Ginseng has been used for centuries to cure a variety of illnesses, and it’s still popular today. It has been proven to help with menopause symptoms. One study found that ginseng boosted the sex drive of menopausal women. Another study found that ginseng helped decrease the risk of cardiovascular disease. It’s also possible that ginseng improves mood and helps with sleeplessness. Side effects could include diarrhea, insomnia, and headaches.
St. John’s Wort
St. John’s wort is reputed to treat mild depression, which so many women suffer during menopause. There is evidence to support that. It may also improve sexual well-being. Combined with black cohosh, it could be effective in treating concentration issues, sleeplessness, and vaginal dryness. While mostly safe, St. John’s wort shouldn’t be taken in large doses and could cause side effects like upset stomach, dry mouth, and headache.
Although a wild yam supplement is often promoted as an alternative to estrogen therapy, our bodies don’t turn it into estrogen. It sometimes appears in creams that claim to help with hot flashes and night sweats, but there is no evidence that wild yam can play any role in relieving menopause symptoms.
Soy contains plant estrogens, which could help relieve menopause symptoms like hot flashes. There’s a lot of evidence to support that. In Asian countries where soy is a common staple, women have fewer hot flashes. One study showed a marked reduction in hot flashes for women taking soy.

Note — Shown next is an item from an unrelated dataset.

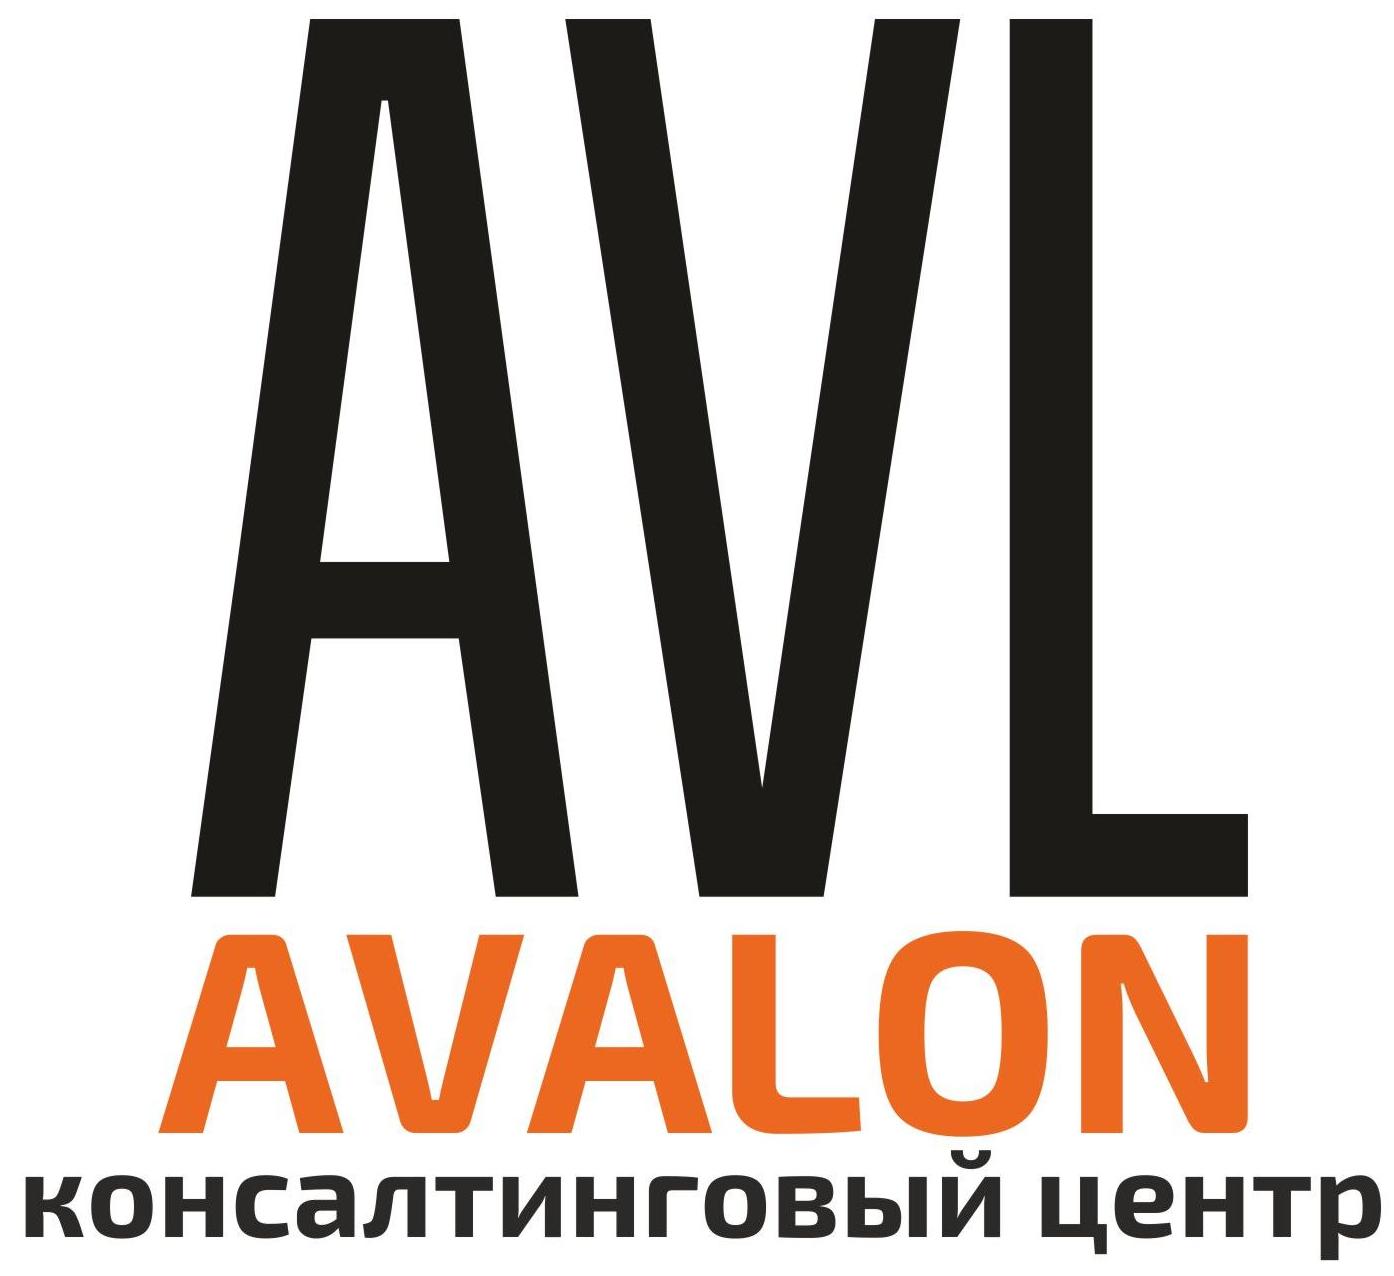 AVALON Консалтинговый центр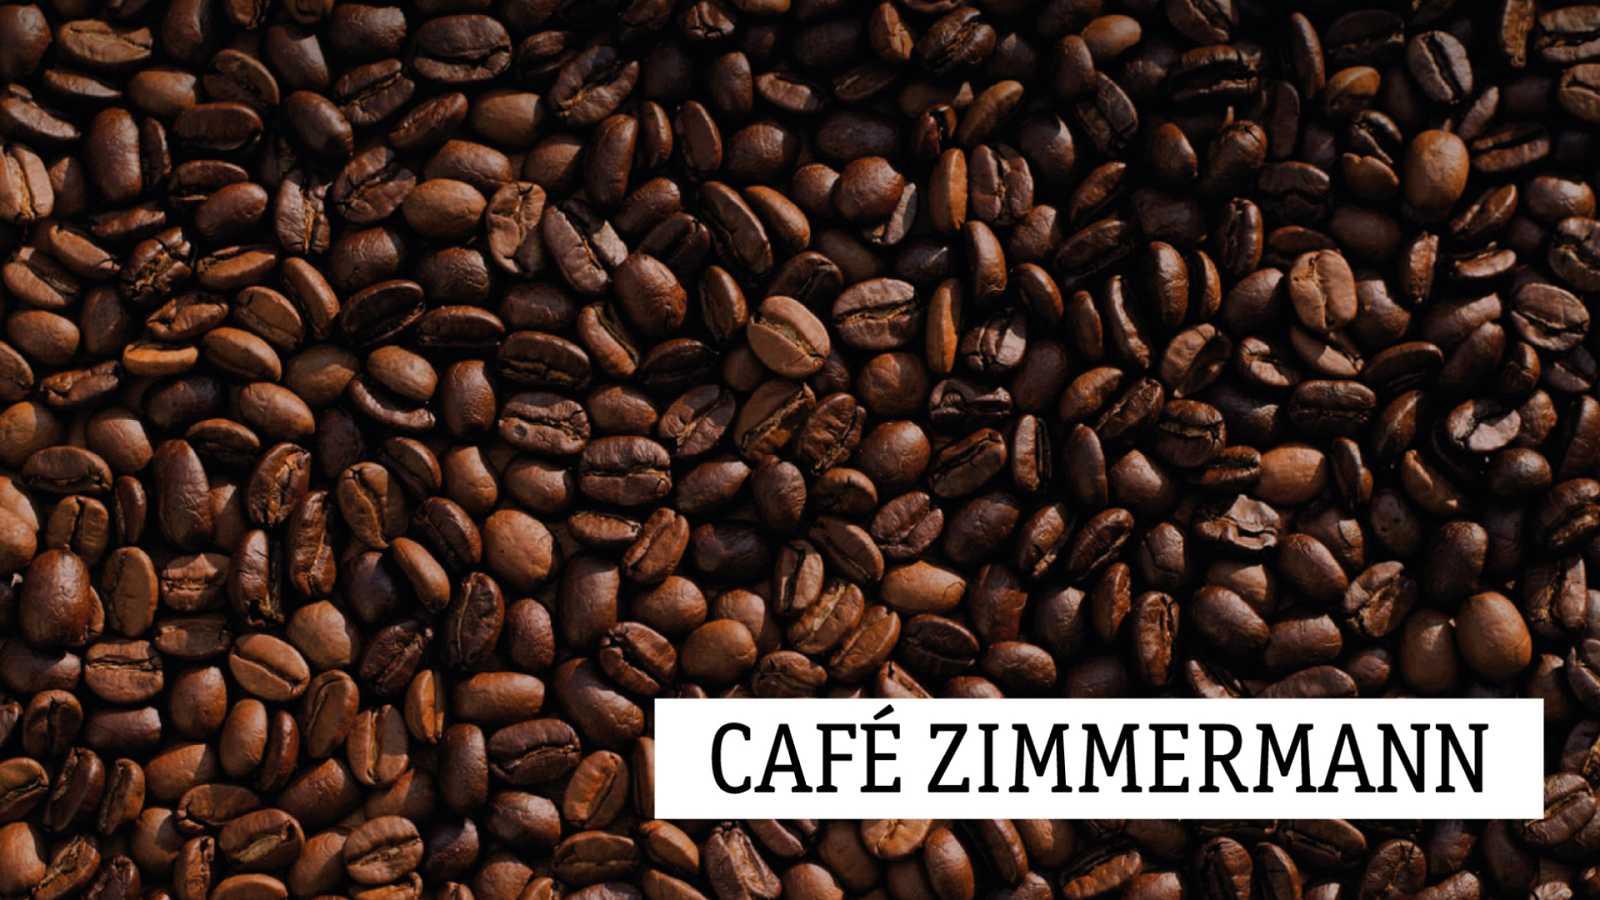 Café Zimmermann - Premios Nobel - 13/10/20 - escuchar ahora

“There is some good data that soy can reduce both the frequency and the intensity of hot flashes by about 50 percent,” says Machelle Seibel, professor of clinical obstetrics and gynecology at the University of Massachusetts Medical School in Worcester. “A lot of doctors feel that somehow that’s not significant enough, and would prefer that it eliminate all hot flashes.”
But 50 percent fewer hot flashes sounds good to us! Soy is generally safe, so if you’re seeking menopause relief, it could be the easiest option.

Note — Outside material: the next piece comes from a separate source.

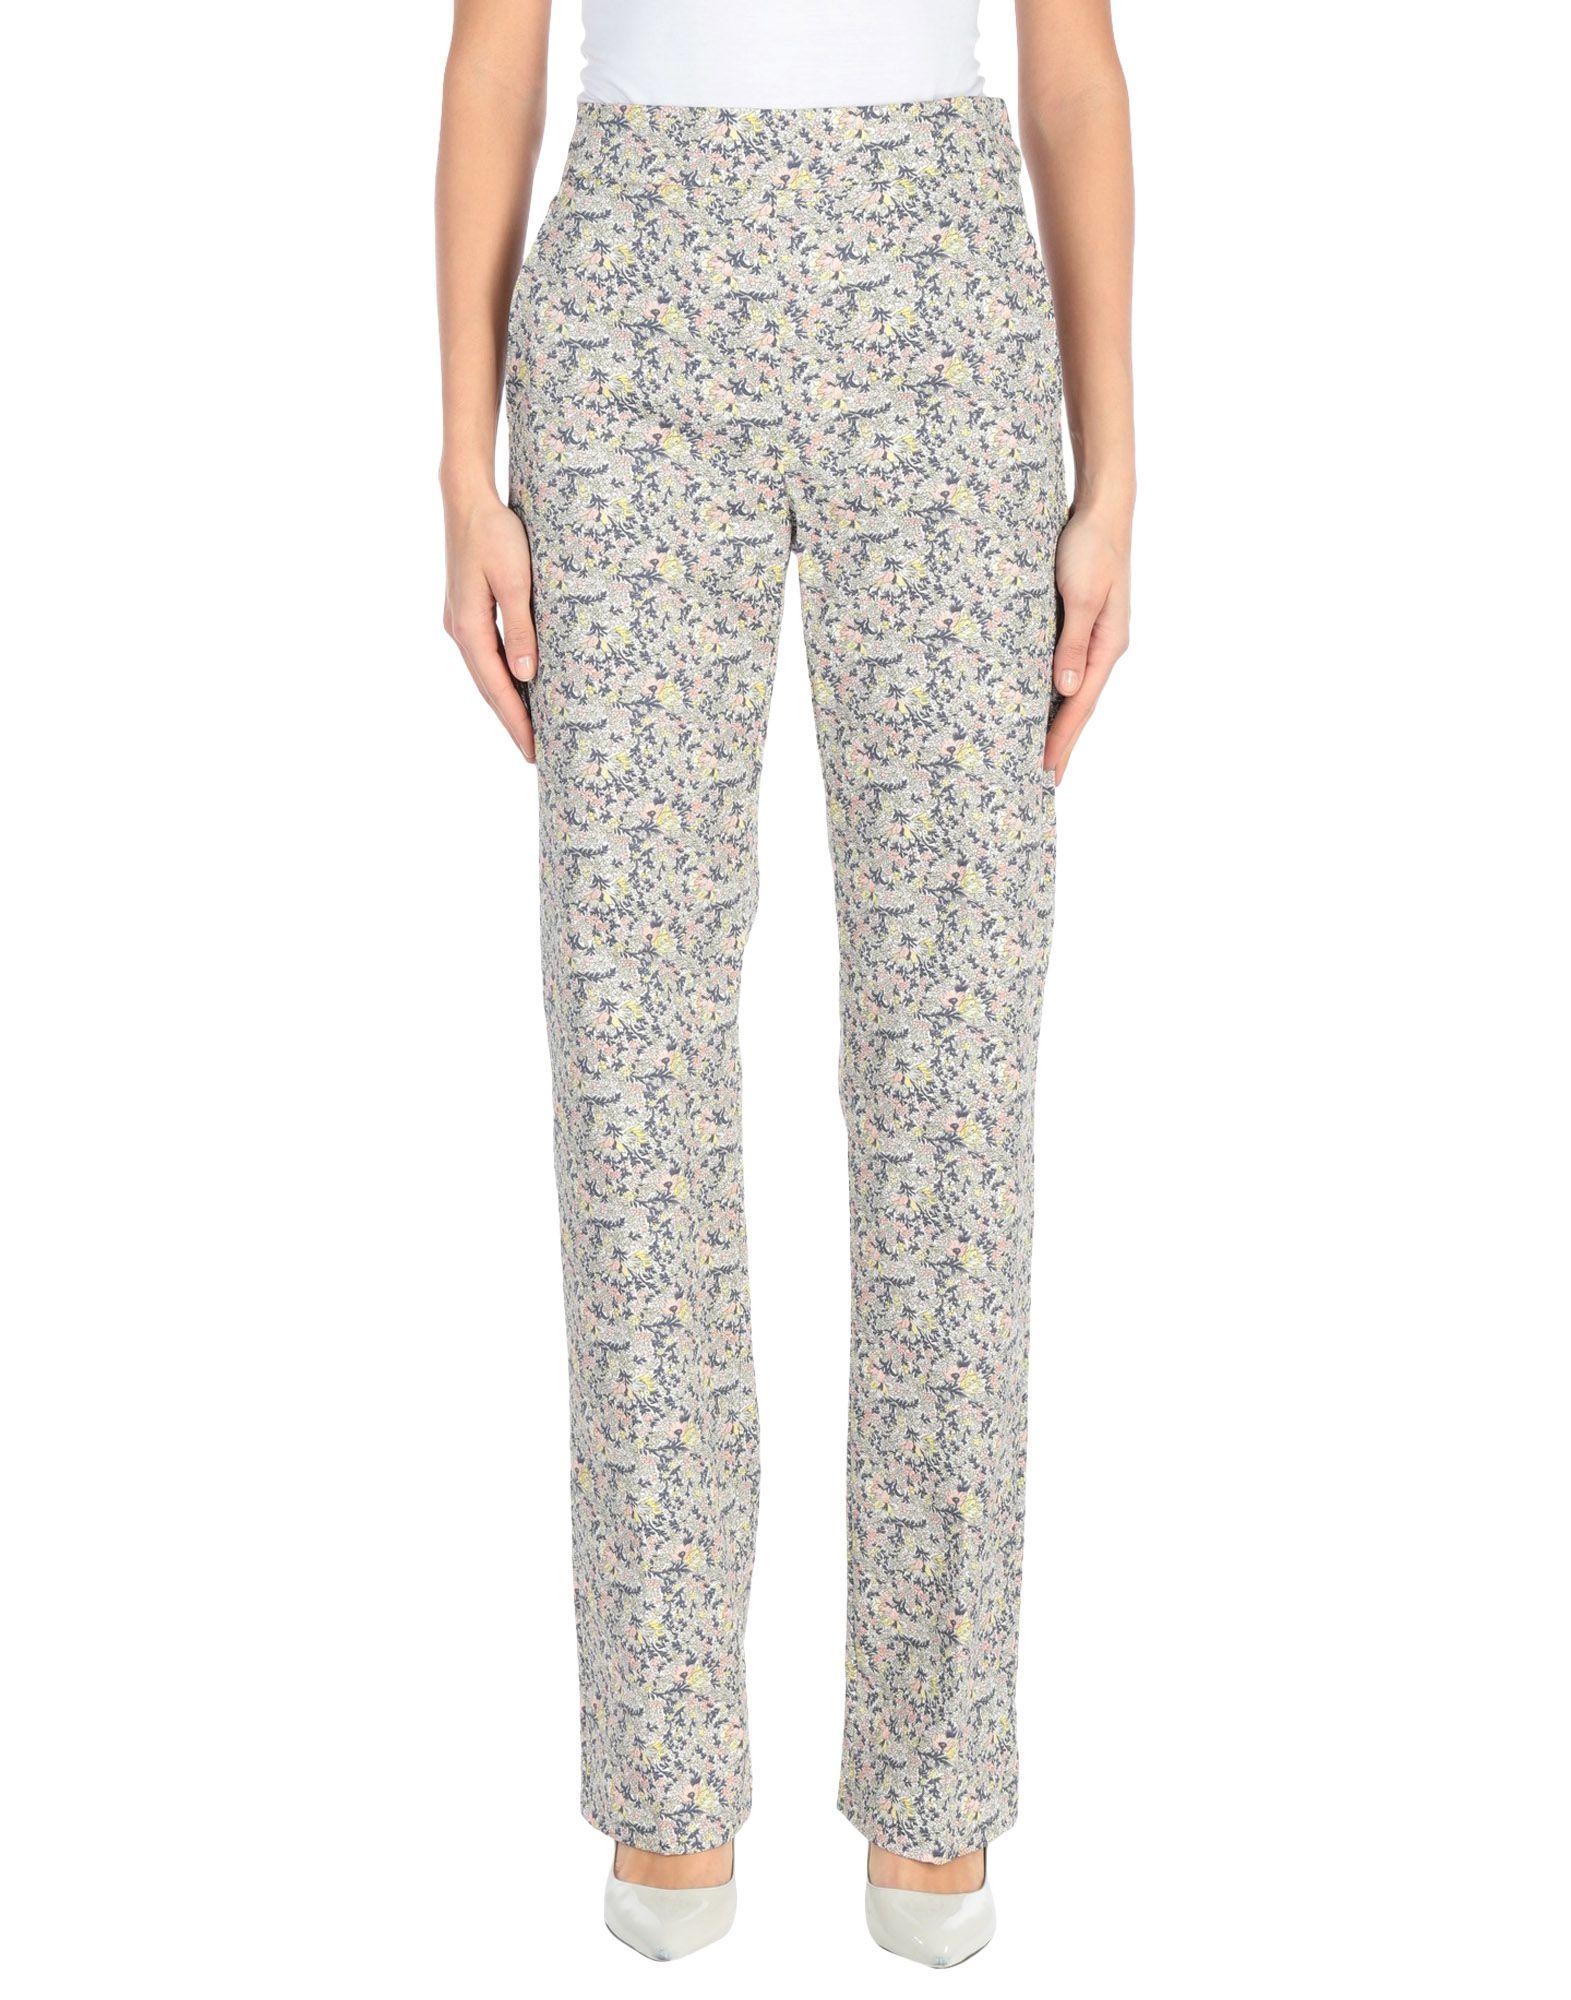 Pantalone Max & Co. Co. donna - 13301281IT

Dong quai has been used in Asian countries for thousands of years to help build blood health, increase immunity, and relieve pain, among other things. It’s known for reducing menstrual cramps, and some women take it to relieve hot flashes.

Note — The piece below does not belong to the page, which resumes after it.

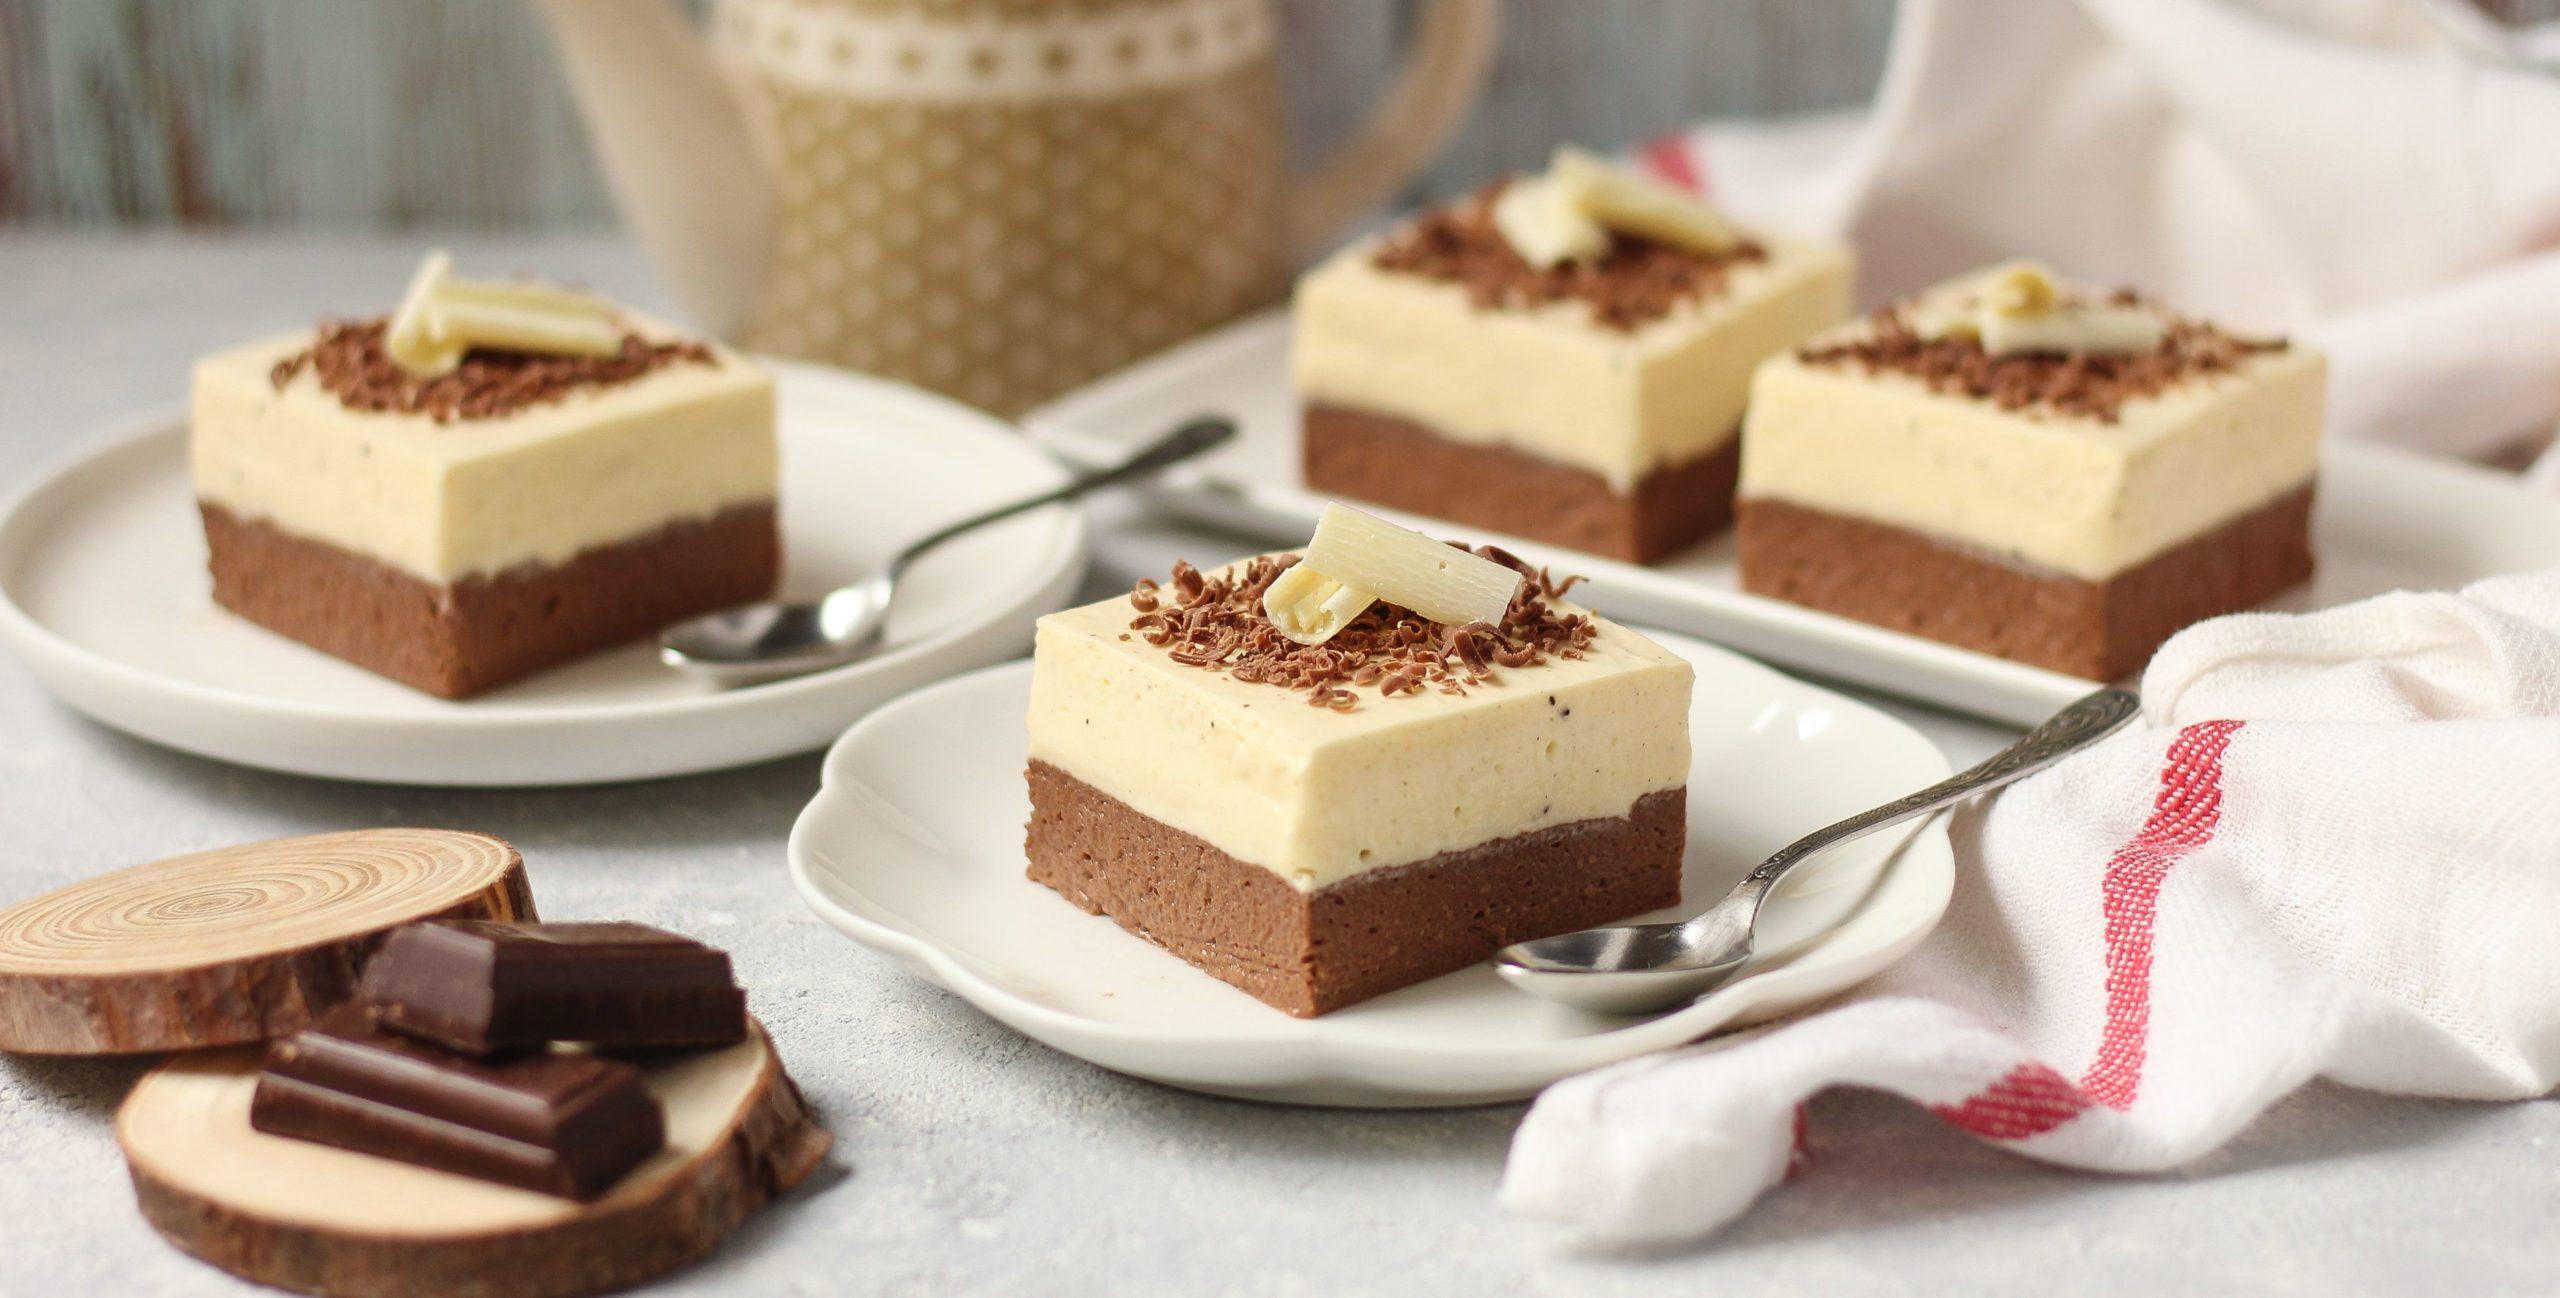 specijalni recept čokolada

However, we don’t know for sure how effective it is, since studies on the supplement are limited. It has several alarming side effects, including difficulty breathing, low blood pressure, and increased bleeding risk. People who are allergic to carrots should avoid dong quai, because it belongs to the same plant family.
Red clover is a flower that is used to treat everything from hair loss to skin cancer. As for menopause, there is some evidence that red clover could reduce the severity, but not the frequency, of hot flashes. Like so many natural supplements, there are contradictory findings on just how effective it is for menopause symptoms.
As for side effects, red clover can cause rashlike symptoms, nausea, and vaginal bleeding. Anyone sensitive to hormones or who has a protein S deficiency or a bleeding disorder should avoid red clover.
French Maritime Pine Bark Extract
Pine bark extract, or pycnogenol, includes plant-based hormones called flavonoids. One study found that taking pine bark extract for four weeks significantly improved hot flashes and other menopause symptoms. It’s also generally safe, although it has some side effects, including dizziness, headaches, and stomach problems.
Always Get a Doctor’s Advice
Whether you’re curious about alternatives to hormone replacement therapy or you just like the convenience of your local health food store, there is one very important step you need to take before you stock up on supplements: talk to your doctor. Your clinician will be able to help you decide which supplements, if any, are good matches for you.